Binary Analysis
Tools for exploring and reverse engineering binary files, firmware, and unknown data.
When to Use This Skill
| Use this skill when... | Use rg-code-search instead when... |
|---|---|
| Identifying unknown or non-text file types (file, xxd) | Searching tracked source files for a regex |
| Extracting strings or symbols from compiled binaries / firmware | Auditing a repo's text-encoded files for hardcoded patterns |
| Inspecting raw hex layout of an ELF, Mach-O, or .bin blob | The input is human-readable code or markdown |
| Use this skill when... | Use jq-json-processing instead when... |
|---|---|
| Reverse-engineering an opaque binary format | The data is already structured JSON awaiting transformation |
| Hunting embedded files with binwalk -e | A field needs extraction from a parsed JSON payload |
Quick Reference
| Tool | Purpose | Install |
|------|---------|---------|
| strings | Extract printable text from binaries | Built-in (binutils) |
| binwalk | Firmware analysis, file extraction | pip install binwalk or cargo install binwalk |
| hexdump | Hex/ASCII dump | Built-in |
| xxd | Hex dump with reverse capability | Built-in (vim) |
| file | Identify file type | Built-in |
strings - Extract Text from Binaries
Find human-readable strings embedded in binary files.
# Basic usage - find all printable strings (min 4 chars)
strings binary_file
# Set minimum string length
strings -n 10 binary_file # Only strings >= 10 chars
# Show file offset of each string
strings -t x binary_file # Hex offset
strings -t d binary_file # Decimal offset
# Search for specific patterns
strings binary_file | grep -i password
strings binary_file | grep -E 'https?://'
strings binary_file | grep -i api_key
# Wide character strings (UTF-16)
strings -e l binary_file # Little-endian 16-bit
strings -e b binary_file # Big-endian 16-bit
strings -e L binary_file # Little-endian 32-bit
# Scan entire file (not just initialized data sections)
strings -a binary_file
Common discoveries with strings:
- Hardcoded credentials, API keys
- URLs and endpoints
- Error messages (hints at functionality)
- Library versions
- Debug symbols and function names
- Configuration paths
binwalk - Firmware Analysis
Identify and extract embedded files, analyze entropy, find hidden data.

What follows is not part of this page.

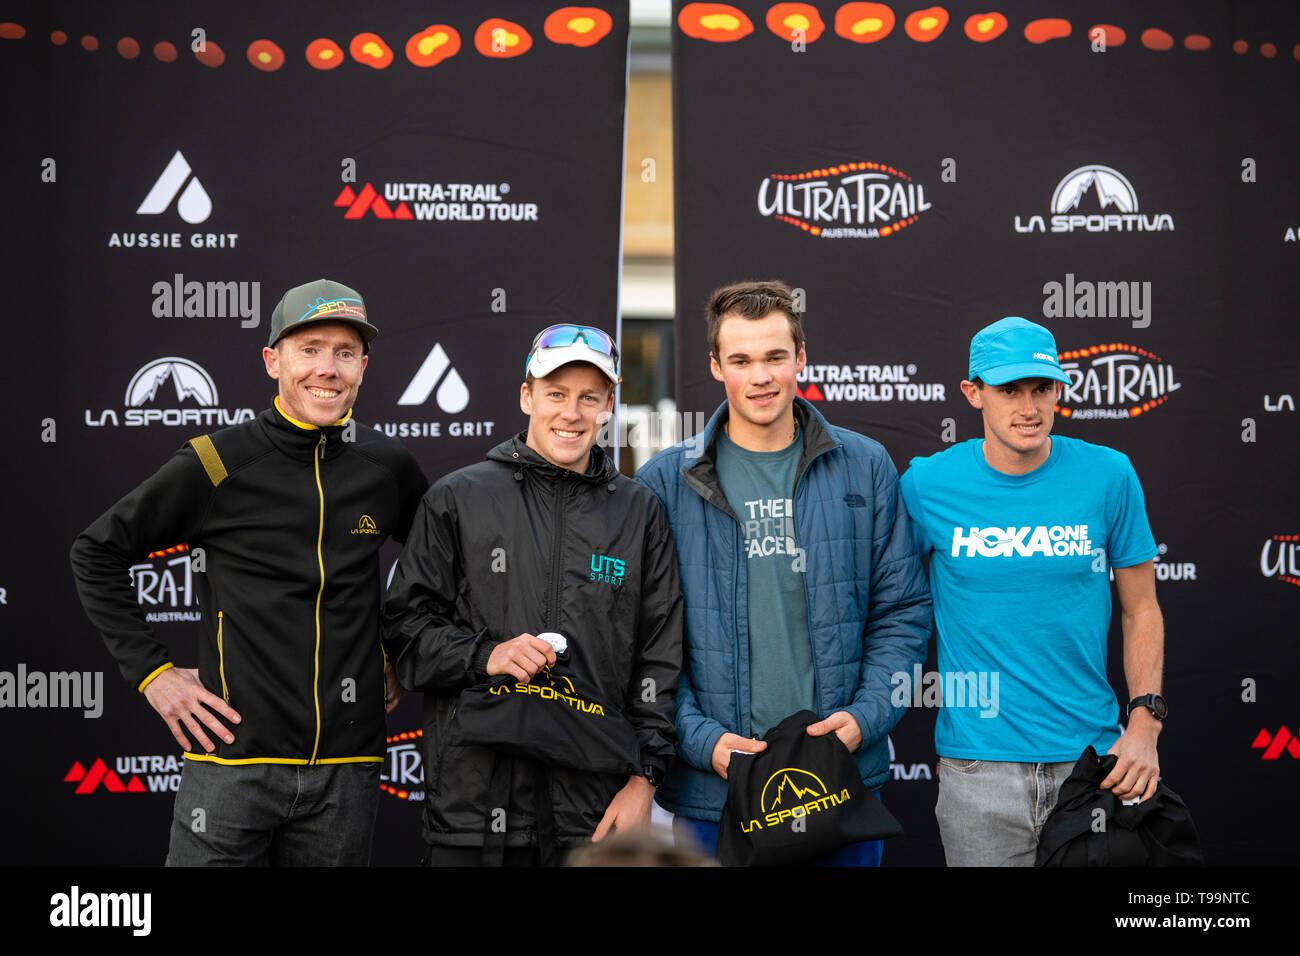 Blue Mountains, Australia - April 16 2019: Ultra-Trail Australia UTA11 race. Under 30's men race place holders on the podium - Stock Image
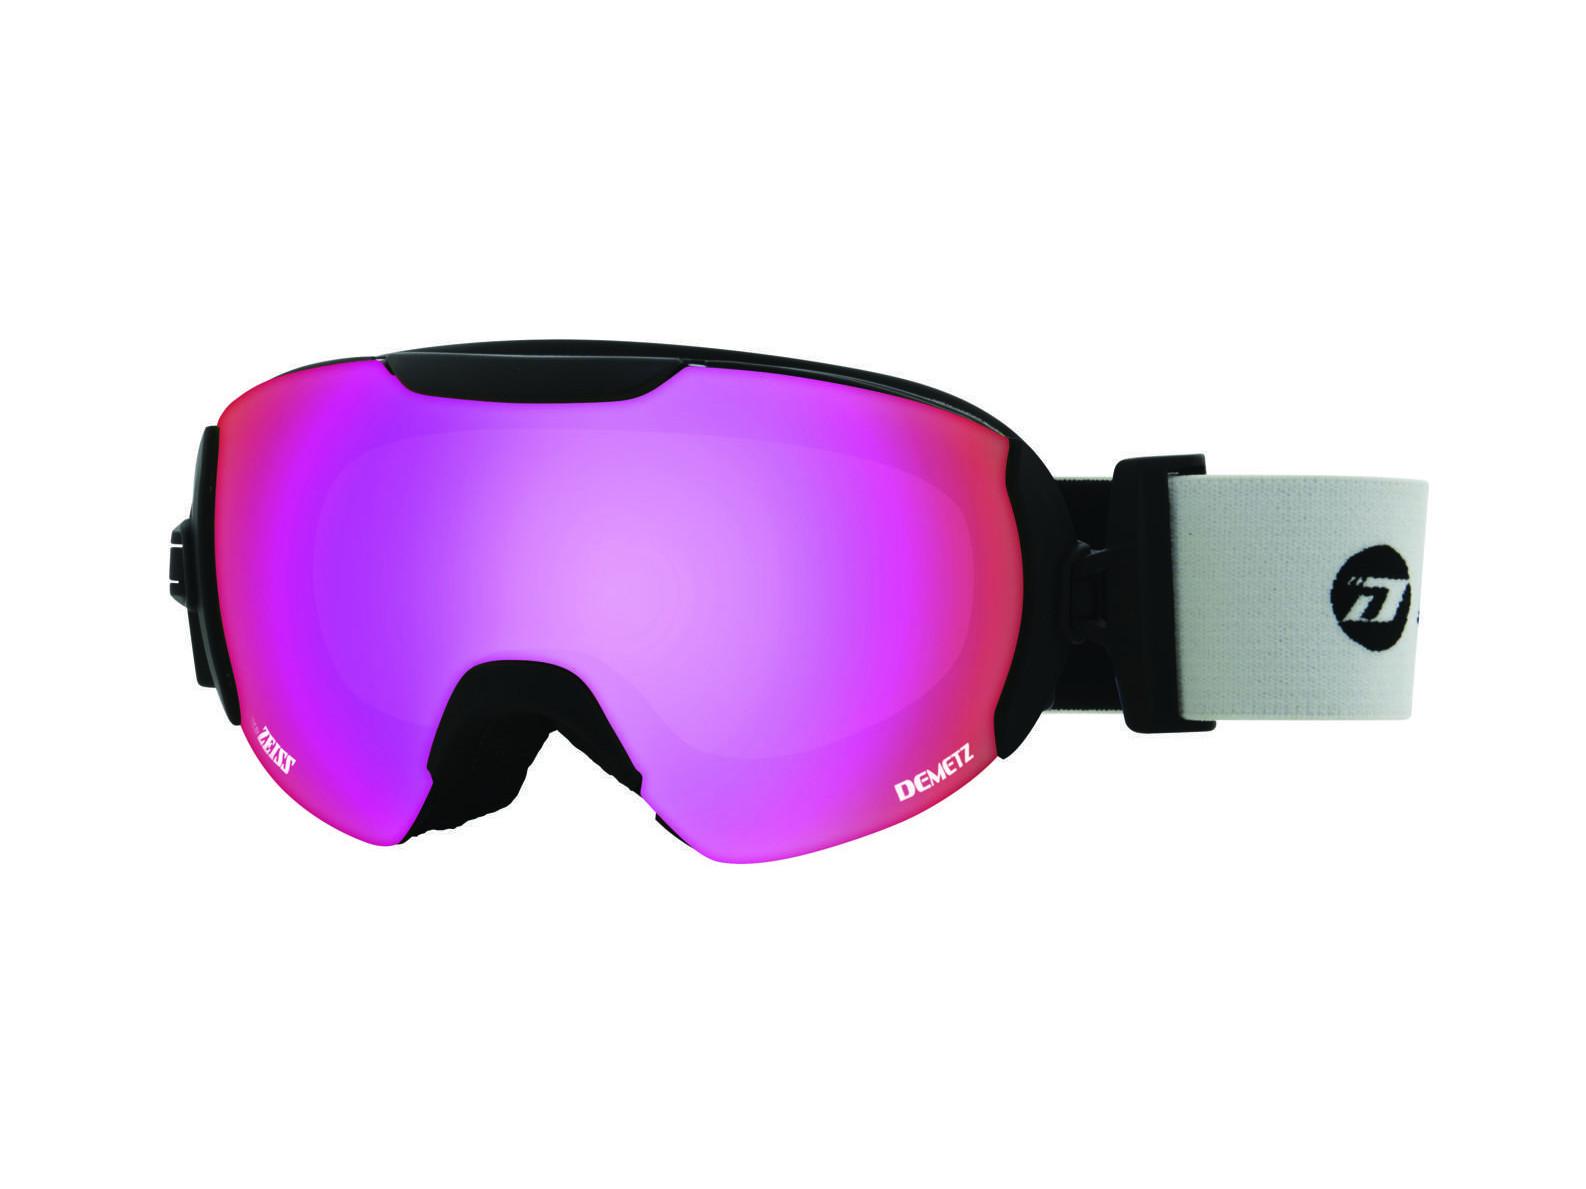 Masque de ski pour femme DEMETZ Noir Mat POW Noir Mat cat 3 ee26d1861370

# Signature scan - identify embedded files/data
binwalk firmware.bin
# Extract all identified files
binwalk -e firmware.bin # Extract to _firmware.bin.extracted/
binwalk --extract firmware.bin # Same as -e
# Recursive extraction (extract files within extracted files)
binwalk -Me firmware.bin
# Entropy analysis - find compressed/encrypted regions
binwalk -E firmware.bin # Generate entropy graph
binwalk --entropy firmware.bin
# Opcode analysis - identify CPU architecture
binwalk -A firmware.bin
binwalk --opcodes firmware.bin
# Raw byte extraction at offset
binwalk --dd='type:extension' firmware.bin
# Specific signature types
binwalk --signature firmware.bin # File signatures only
binwalk --raw='\\x1f\\x8b' firmware.bin # Search for gzip magic bytes
binwalk output interpretation:
DECIMAL HEXADECIMAL DESCRIPTION
--------------------------------------------------------------------------------
0 0x0 TRX firmware header
28 0x1C LZMA compressed data
1835008 0x1C0000 Squashfs filesystem, little endian
hexdump / xxd - Raw Hex Analysis
# Hex + ASCII dump
hexdump -C binary_file
xxd binary_file
# Dump specific byte range
xxd -s 0x100 -l 256 binary_file # 256 bytes starting at offset 0x100
# Just hex, no ASCII
hexdump -v -e '/1 "%02x "' binary_file
# Create hex dump that can be reversed
xxd binary_file > hex.txt
xxd -r hex.txt > reconstructed_binary
# Find specific bytes
xxd binary_file | grep "504b" # Look for PK (ZIP signature)
file - Identify File Types
# Basic identification
file unknown_file
file -i unknown_file # MIME type
# Check multiple files
file *
# Follow symlinks
file -L symlink
Common Analysis Workflows
Unknown Binary Exploration
# 1. Identify file type
file mystery_file
# 2. Check for embedded files
binwalk mystery_file
# 3. Extract strings
strings -n 8 mystery_file | head -100
# 4. Look at hex header
xxd mystery_file | head -20
# 5. Check entropy (compressed/encrypted?)
binwalk -E mystery_file
Firmware Analysis
# 1. Initial scan
binwalk firmware.bin
# 2. Extract everything
binwalk -Me firmware.bin
# 3. Explore extracted filesystem
find _firmware.bin.extracted -type f -name "*.conf"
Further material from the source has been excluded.